MedleyText - jgalvez
https://medleytext.net/
======
postit
Every month or so I see people attempting to create _the perfect note-taking
system for developers_ and none are up to the task, they're mostly electron
laggy apps which cause more frustration than solves the problem.

A tip if you're designing something like this. Be fast, responsible and
keyboard first. The time to take a note (flush your brain) shouldn't interrupt
your current task and should be as mechanical as possible.

I've been using the same note take system for the last two years. It just
works as expected.
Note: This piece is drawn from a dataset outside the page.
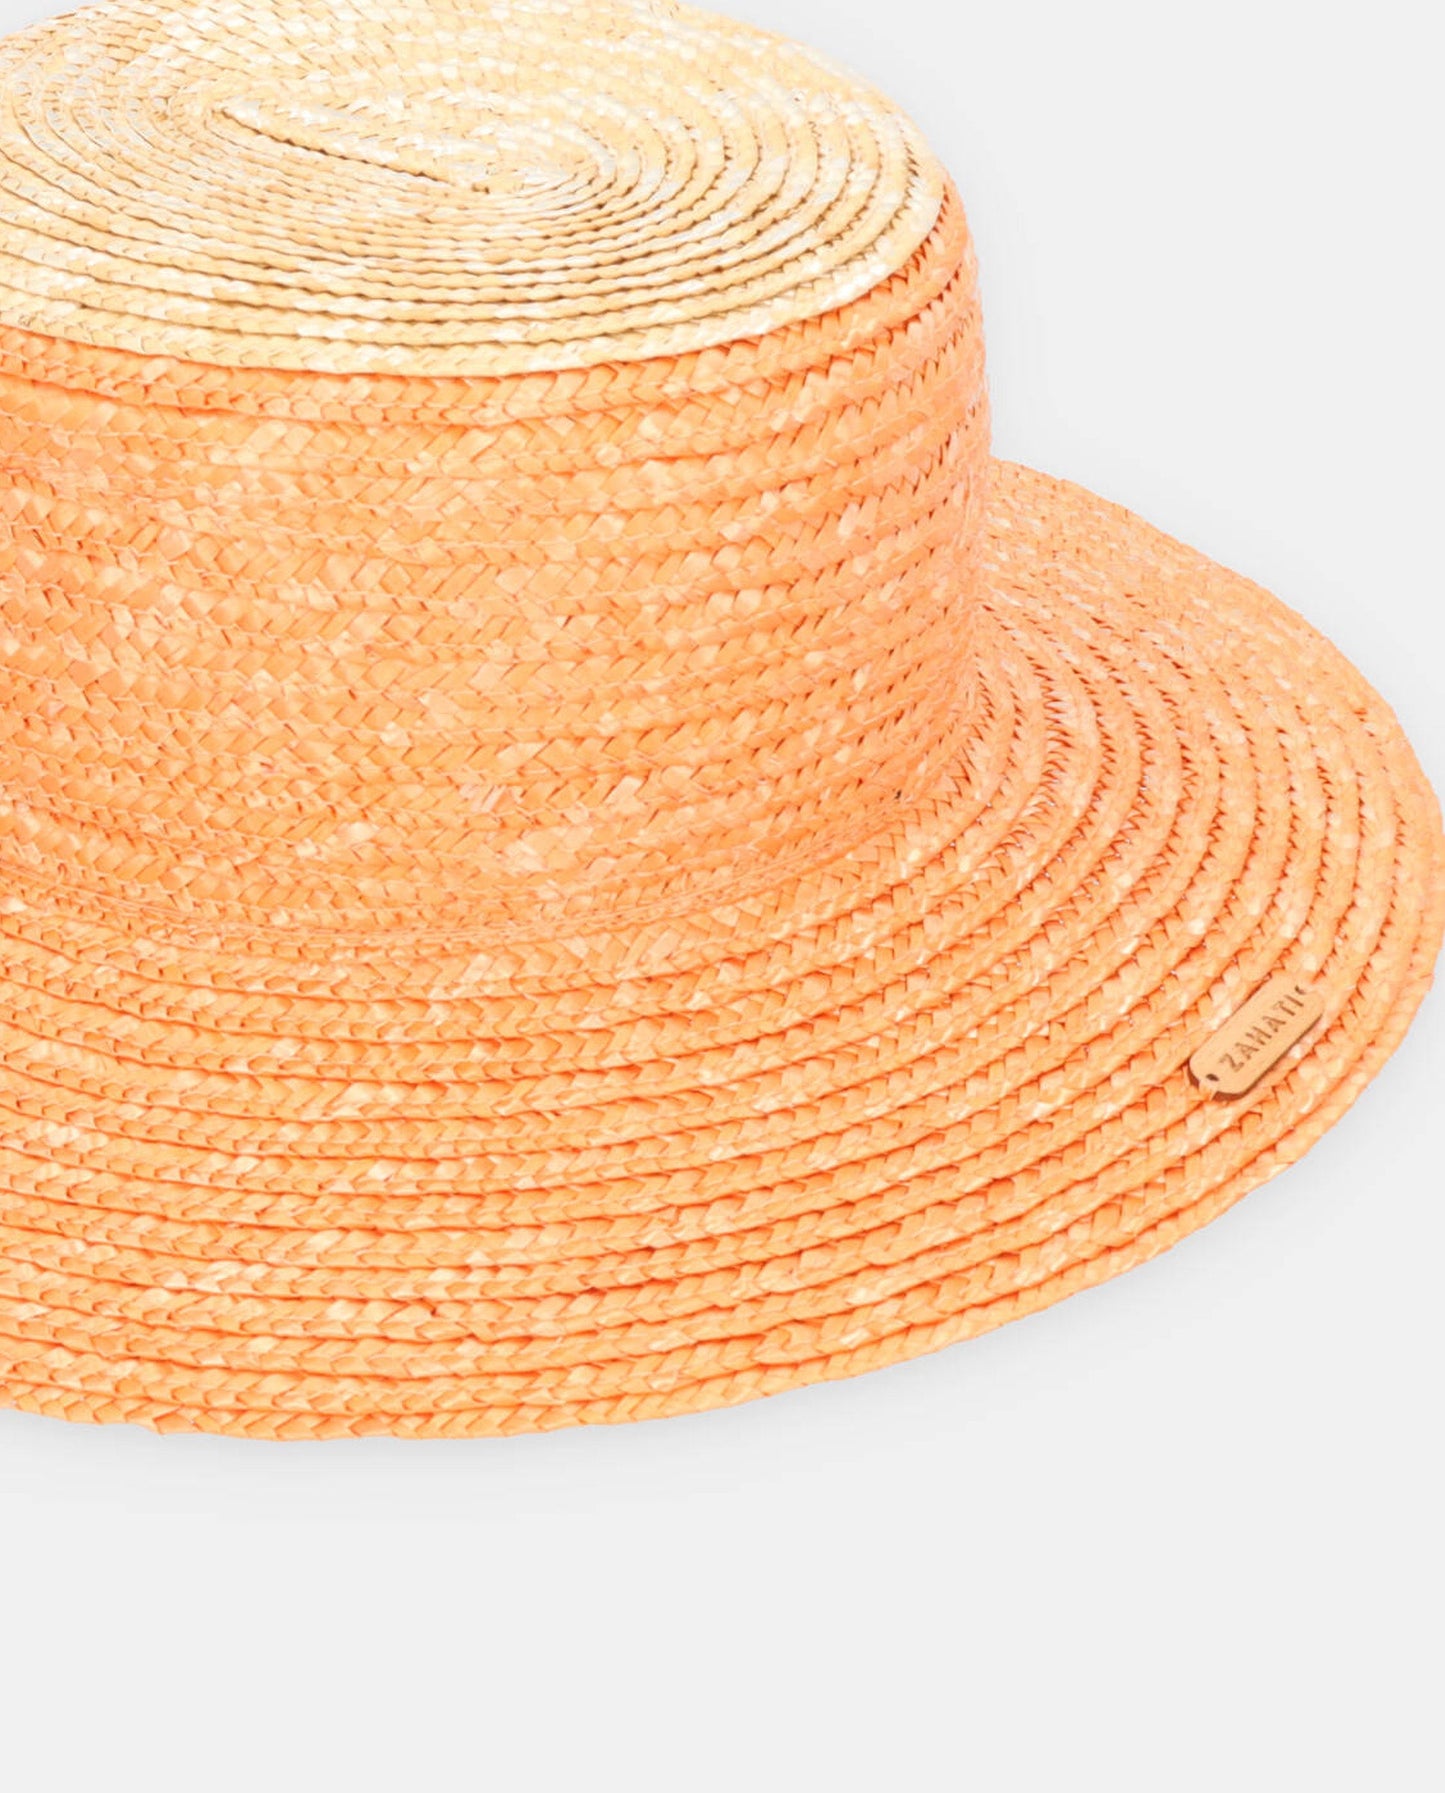 Chapeau Cuchi bicolore orange-naturel avec bord S
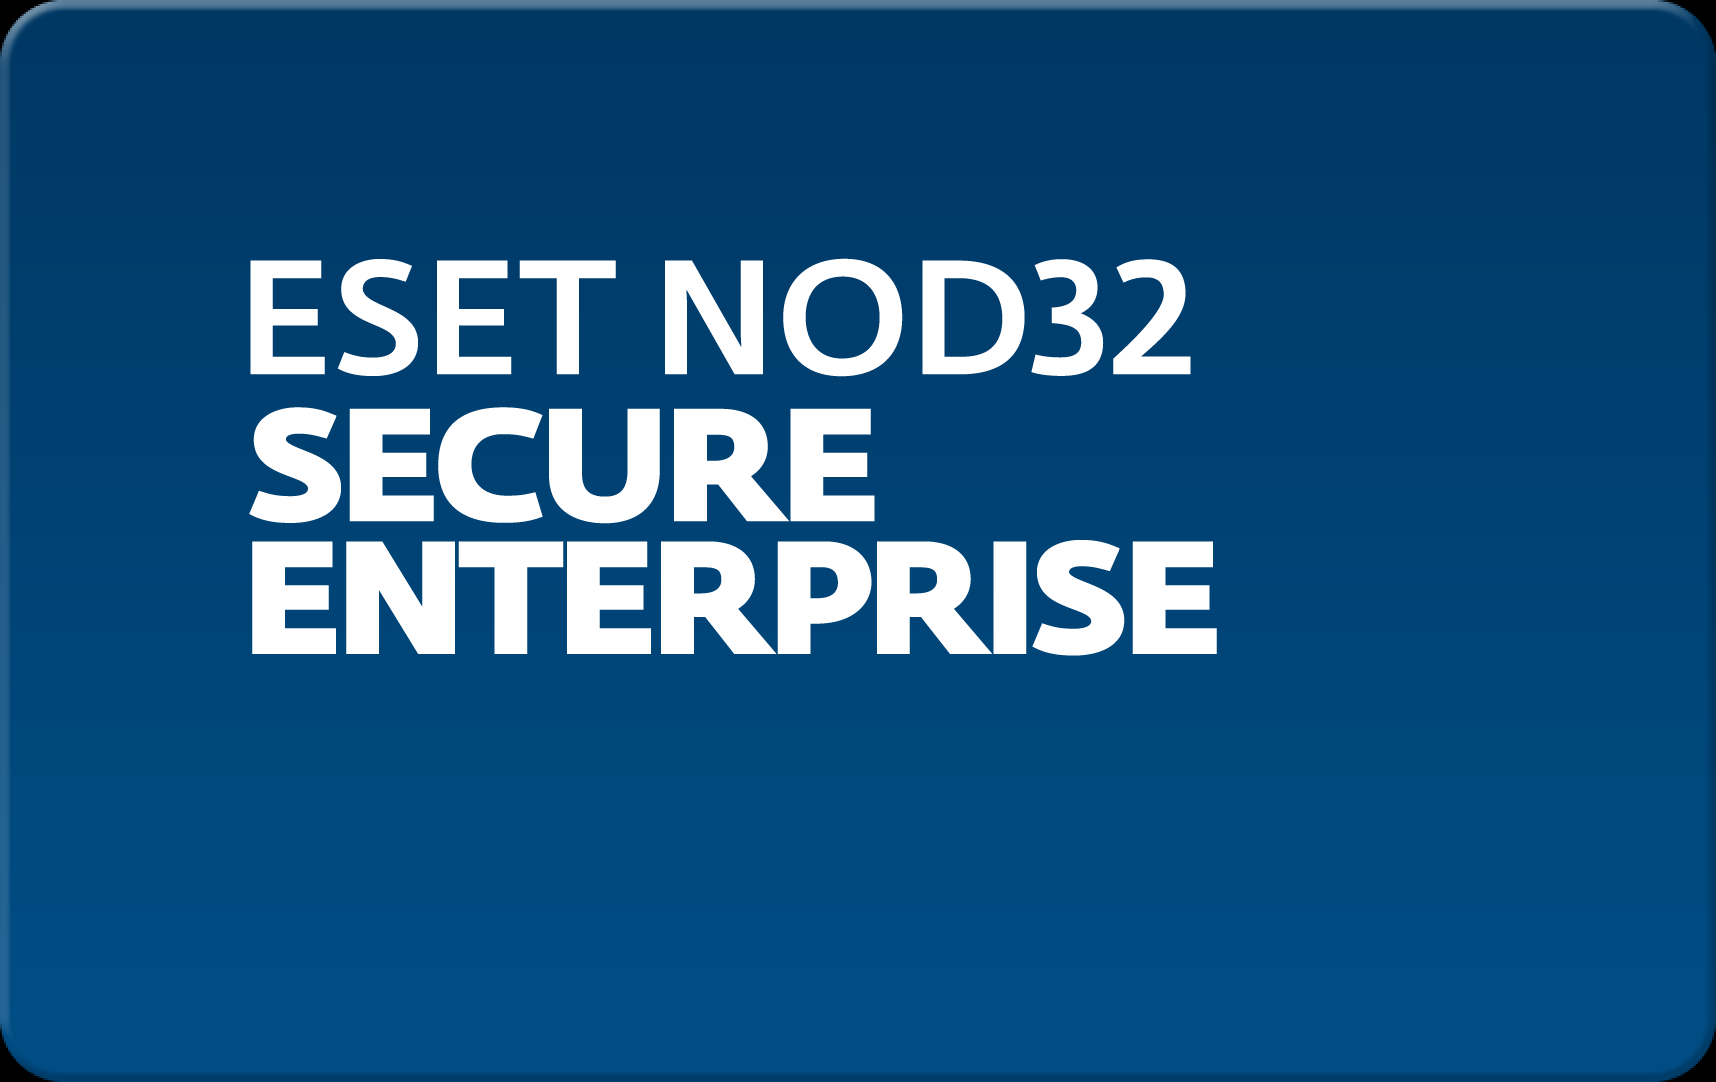        Eset NOD32 Secure Enterprise  168

It's as fast as my terminal can be and I can use org or MD
if needed.

    
    
      postit@workstation:~# cat bin/logbook 
      #!/bin/sh
    
      TS=$(date +'%H:%M:%S')
      DS=$(date +'%Y-%m-%d')
      cd ~/txt/logbook/
      joe $DS.md && git add . && git commit -am "Updating $DS entry on $TS" && git push
      exit
    

I have the bin on my path and a keyboard shortcut that fires up a terminal and
opens the script. If I need to find something I can ag/grep the folder, and if
I'm away from my computer, everything is available on GitHub.

ps: I decided to use joe in the script because it's the fastest text editor by
far to start on my system, you can stick to your own solution.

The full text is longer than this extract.